US Democratic Representative from New York Jerry Nadler reads from all 448 pages of special counsel Robert Mueller’s report on Russian interference in the 2016 presidential election at the US Capitol on May 16, 2019 in Washington, DC.
Nicholas Kamm | AFP | Getty Images
House Judiciary Chairman Jerrold Nadler, D-N.Y., on Tuesday threatened to go to court to get former White House Don McGahn to testify before his committee.
“Let me be clear: this Committee will hear Mr. McGahn’s testimony, even if we have to go to court to secure it,” Nadler said.
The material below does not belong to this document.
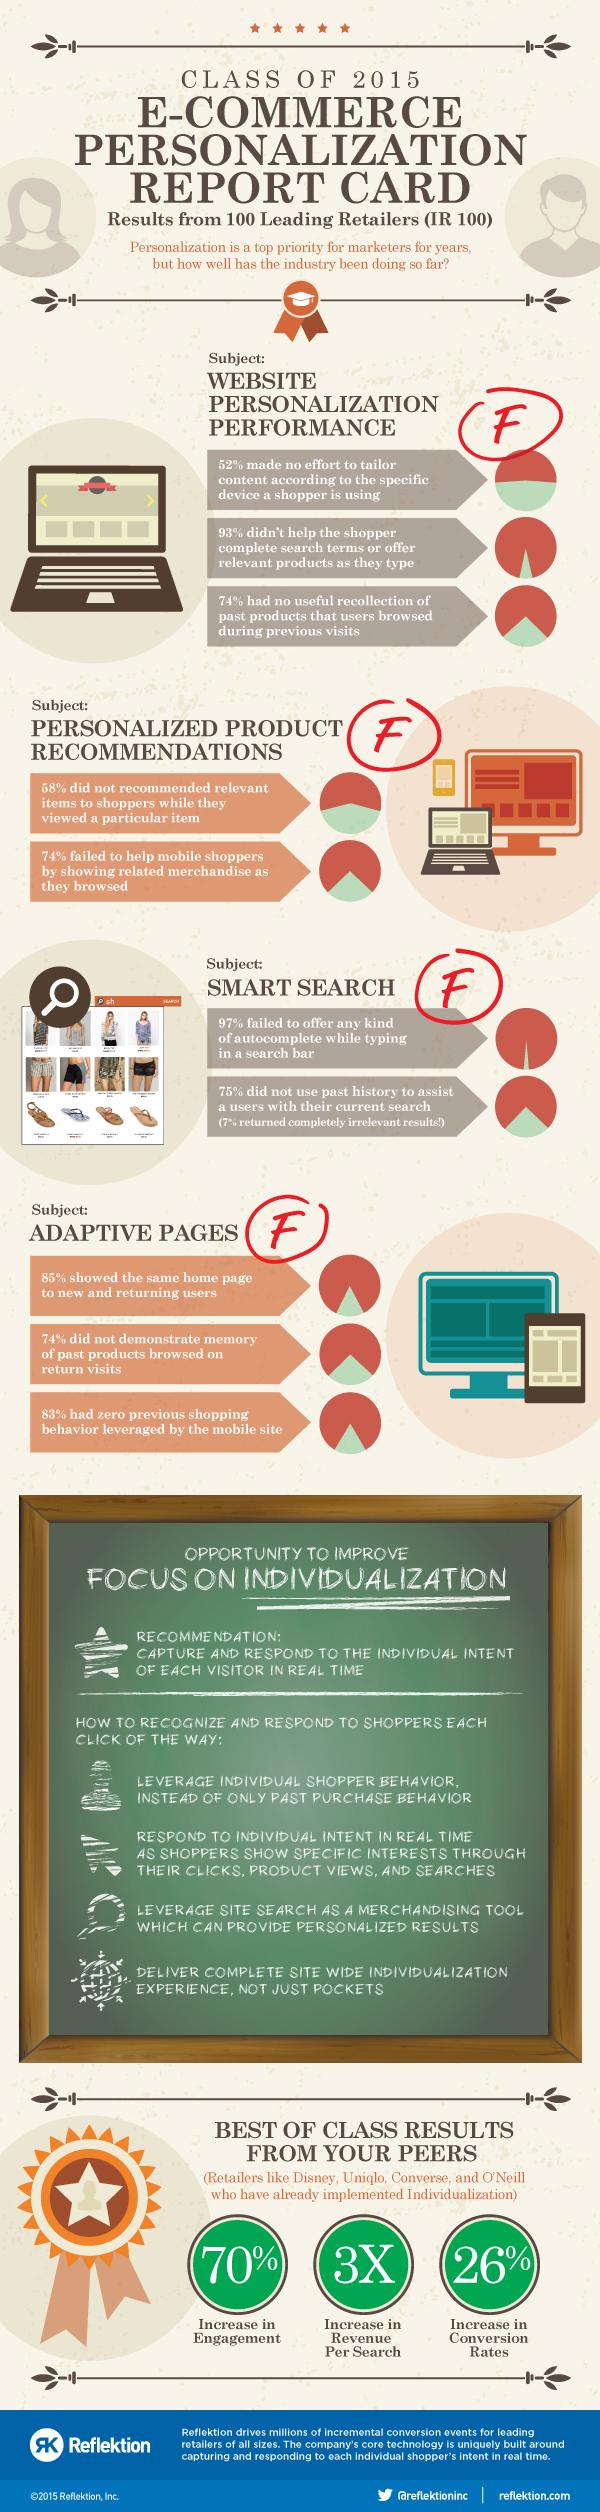 Personalization Reportcard Infographic

Nadler’s remarks came during an empty-chair hearing where McGahn was subpoenaed by the committee to testify about special counsel Robert Mueller’s Russia report. On Monday, Trump had directed McGahn not to comply with that subpoena, according to letters from administration officials who argued that McGahn was “immune” from being compelled to provide testimony.
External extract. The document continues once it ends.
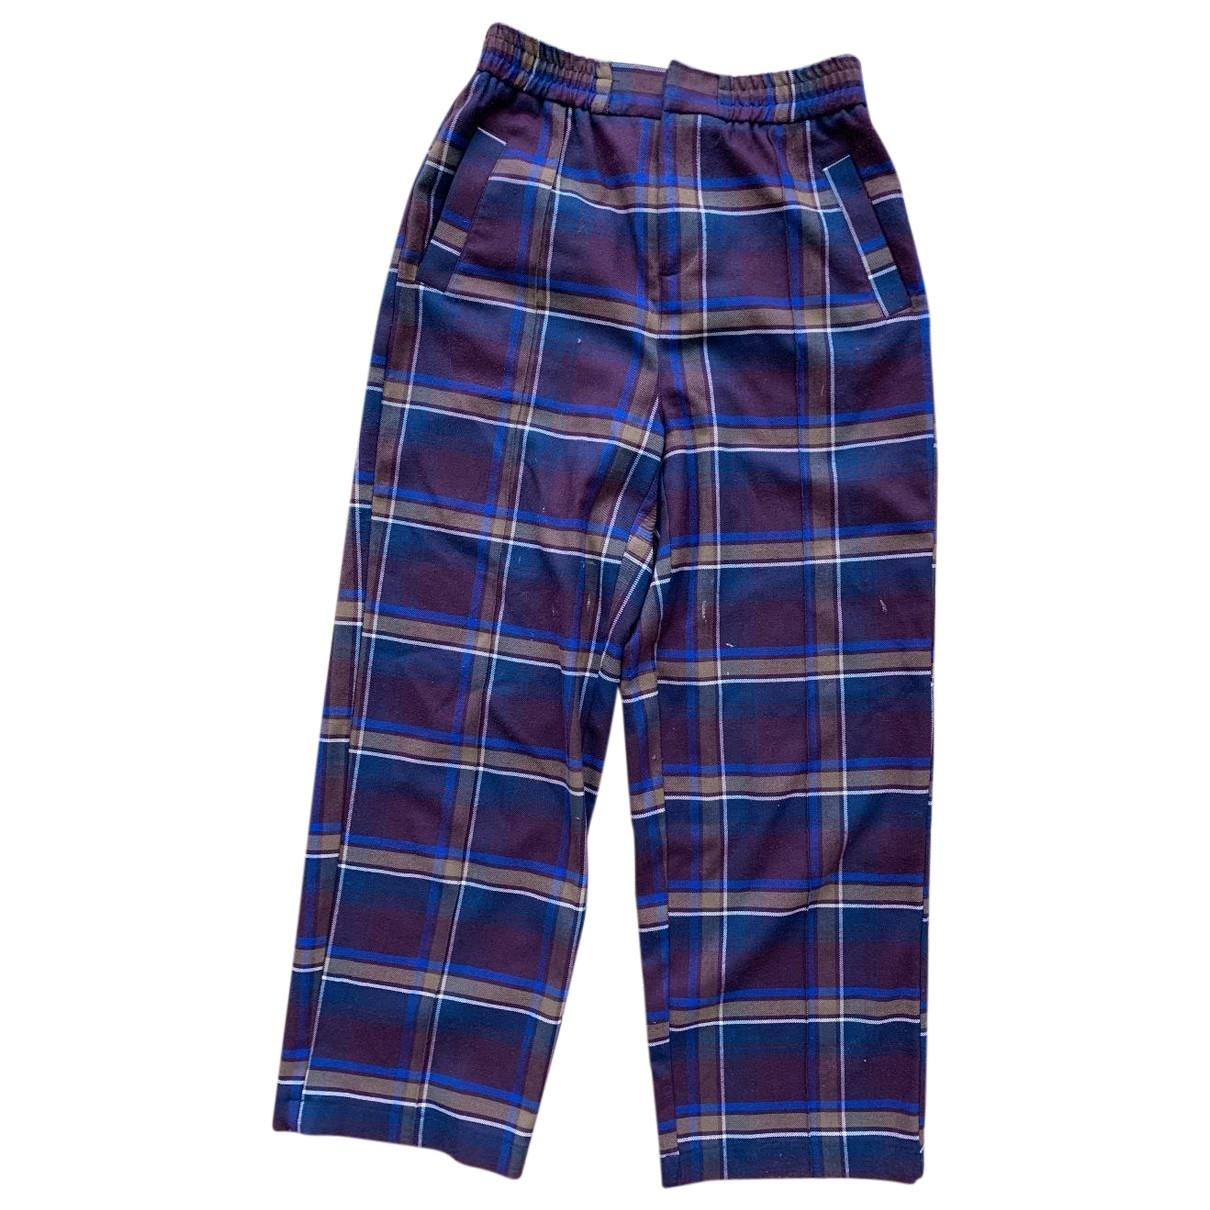 Pantalon de traje Urban Outfitters

“Our subpoenas are not optional,” Nadler said in the brief hearing, which adjourned after remarks from him and ranking Republican Doug Collins, R-Ga.
Nadler said in a CNN interview Monday evening that he planned to have his committee hold McGahn in contempt for defying the subpoena.
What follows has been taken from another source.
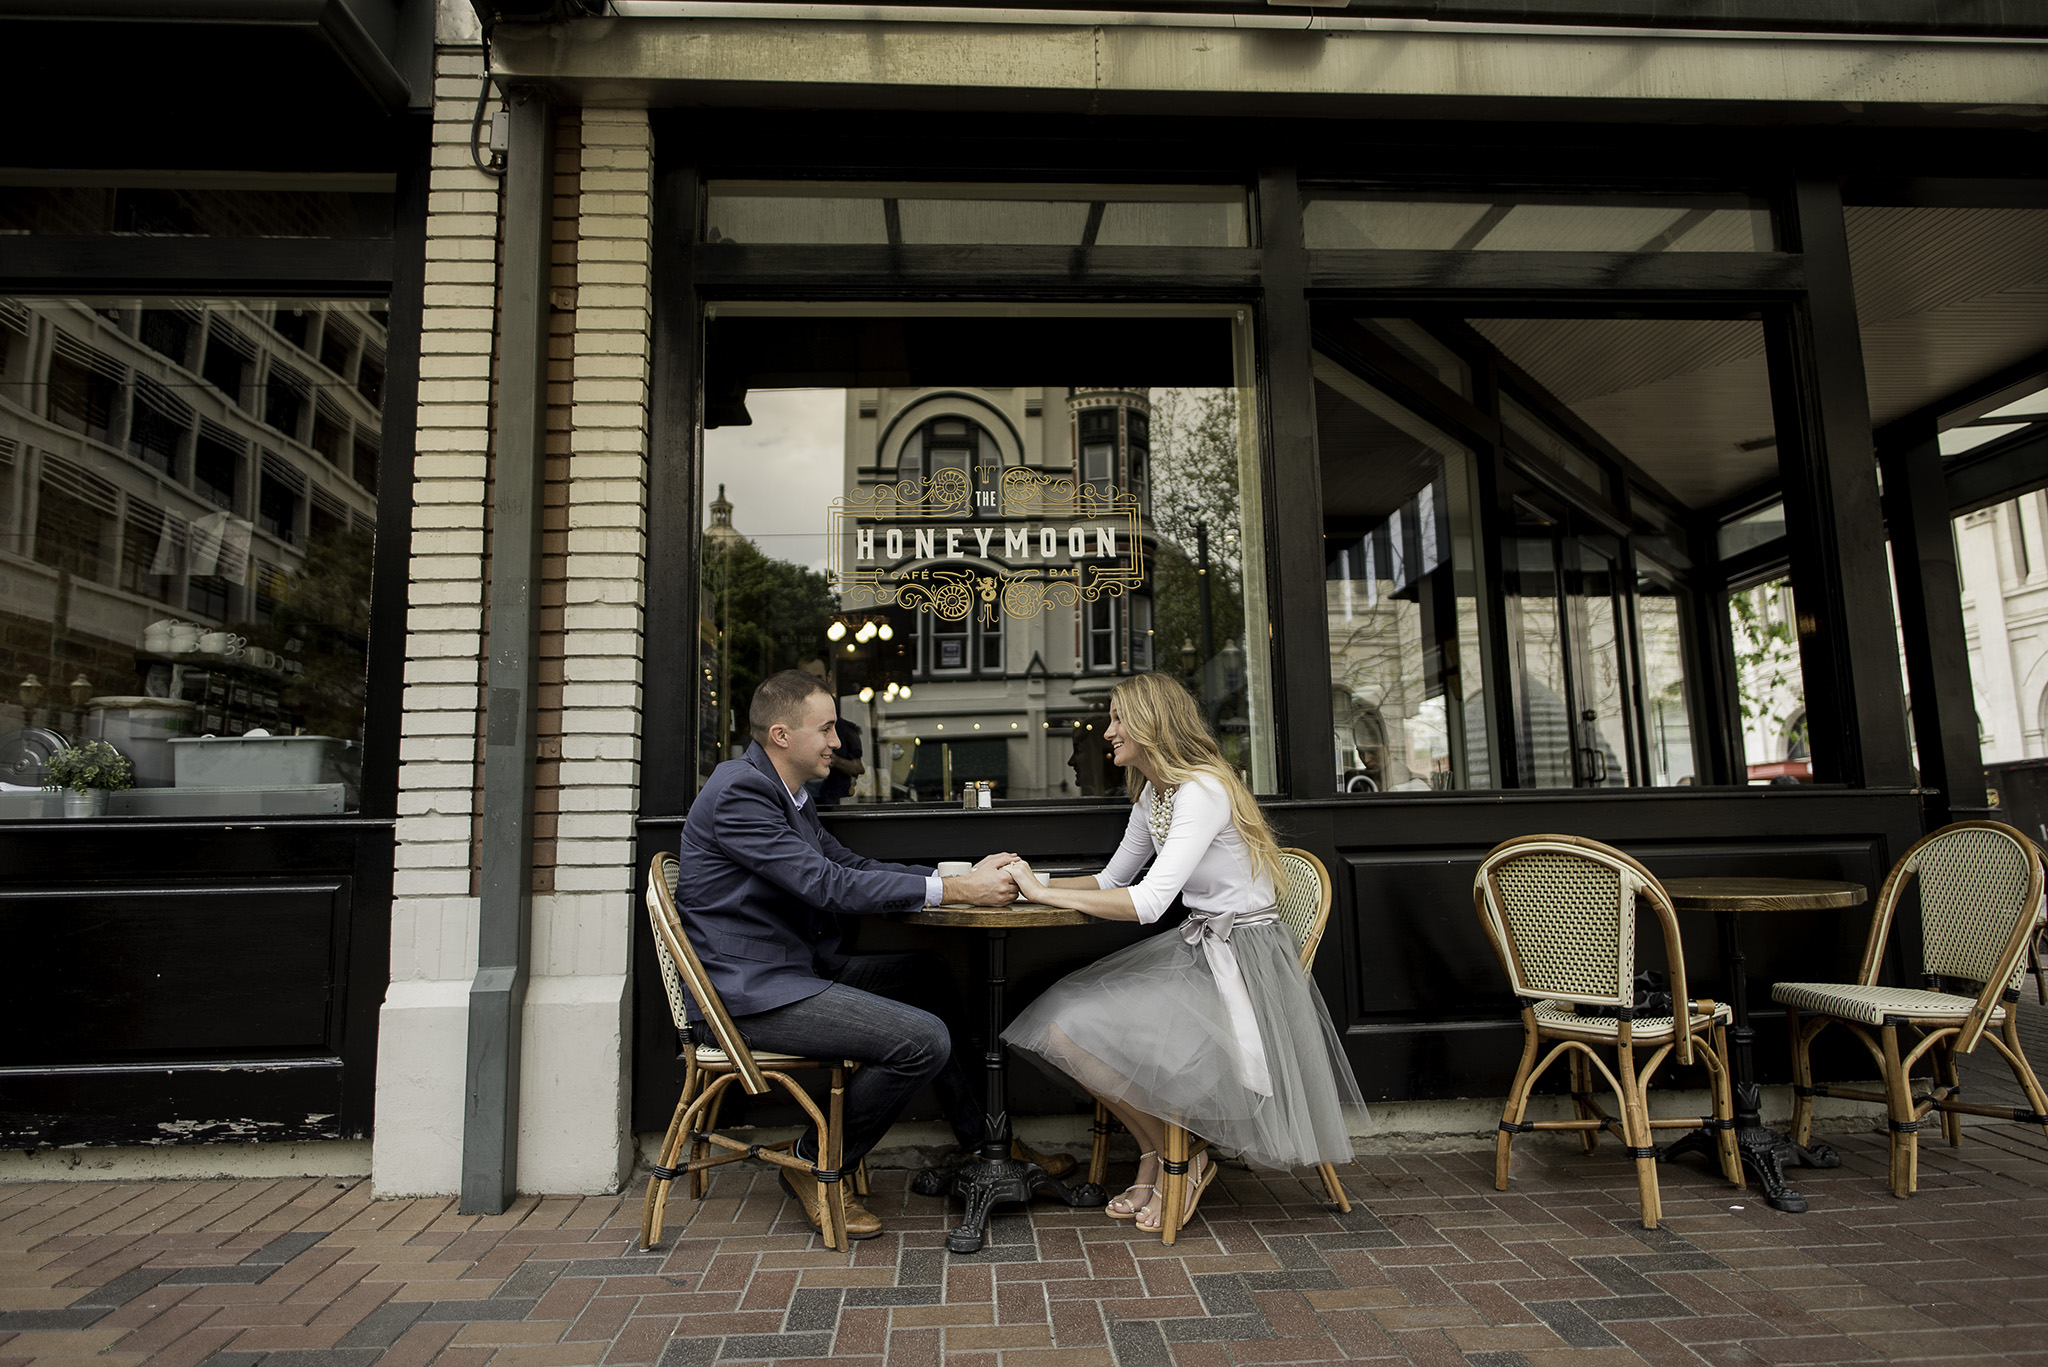 Houston-main-street-Honeymoon-cafe-lifestyle-engagement-session-004.jpg

“The first thing we are going to do we’re going to have to hold McGahn in contempt” in his committee, Nadler told CNN. He said the full House would then move to enforce the contempt citation before launching court proceedings.
The House Judiciary Committee had voted to hold another Trump administration official in contempt less than two weeks earlier. Attorney General William Barr, who defied a subpoena to hand over an unredacted version of the Mueller report and its underlying evidence.